Another Word For It Patrick Durusau on Topic Maps and Semantic Diversity

December 28, 2015

Voter Record Privacy? WTF?

Filed under: Cybersecurity,Government,Government Data,Privacy — Patrick Durusau @ 10:23 pm

Leaky database tramples privacy of 191 million American voters by Dell Cameron.

From the post:

The voter information of more than 191 million Americans—including full names, dates of birth, home addresses, and more—was exposed online for anyone who knew the right IP address.

The misconfigured database, which was reportedly shut down at around 7pm ET Monday night, was discovered by security researcher Chris Vickery. Less than two weeks ago, Vickery also exposed a flaw in MacKeeper’s database, similarly exposing 13 million customer records.

What amazes me about this “leak” is the outrage is focused on the 191+ million records being online.

??

What about the six or seven organizations who denied being the owners of the IP address in question?

I take it none of them denied having possession of the same or essentially the same data, just that they didn’t “leak” it.

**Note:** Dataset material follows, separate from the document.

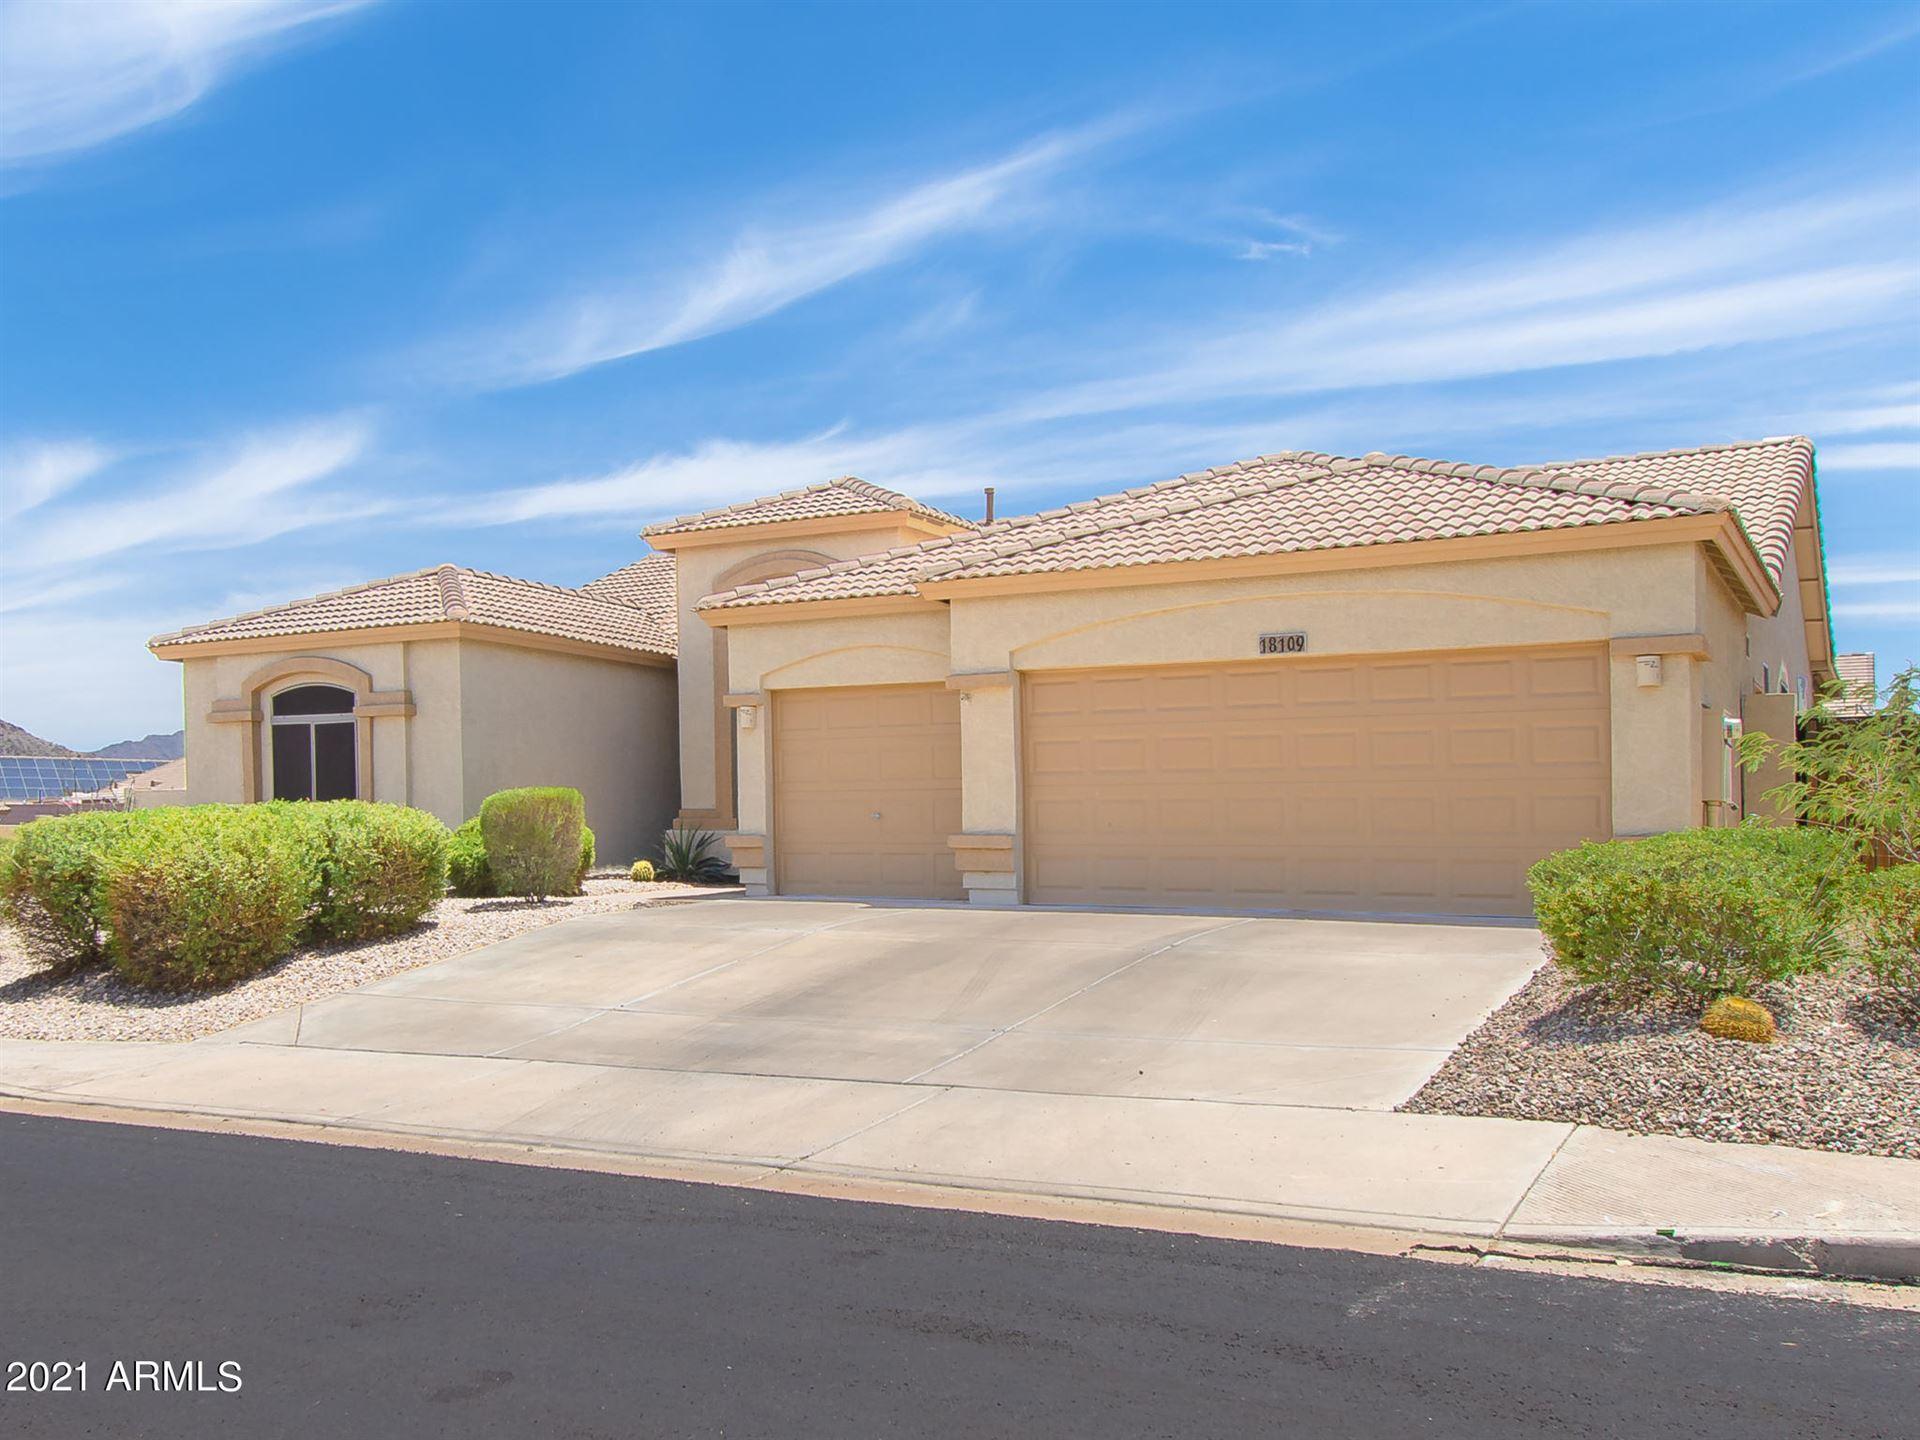 Photo of 18109 W SANTA ALBERTA Lane, Goodyear, AZ 85338 (MLS # 6247258)

Quick question: Was voter privacy breached when these six or seven organizations got the same data or when it went online?

I would say when the Gang of Six or Seven got the same data.

You don’t have any meaningful voter privacy, aside from your actual ballot, and with your credit record (also for sale), you voting behavior can be nailed too.

You don’t have privacy but the Gang of Six or Seven do.

Attempting to protect lost privacy is pointless.

Making corporate overlords lose their privacy as well has promise.

PS: Torrents of corporate overlord data? Much more interesting than voter data.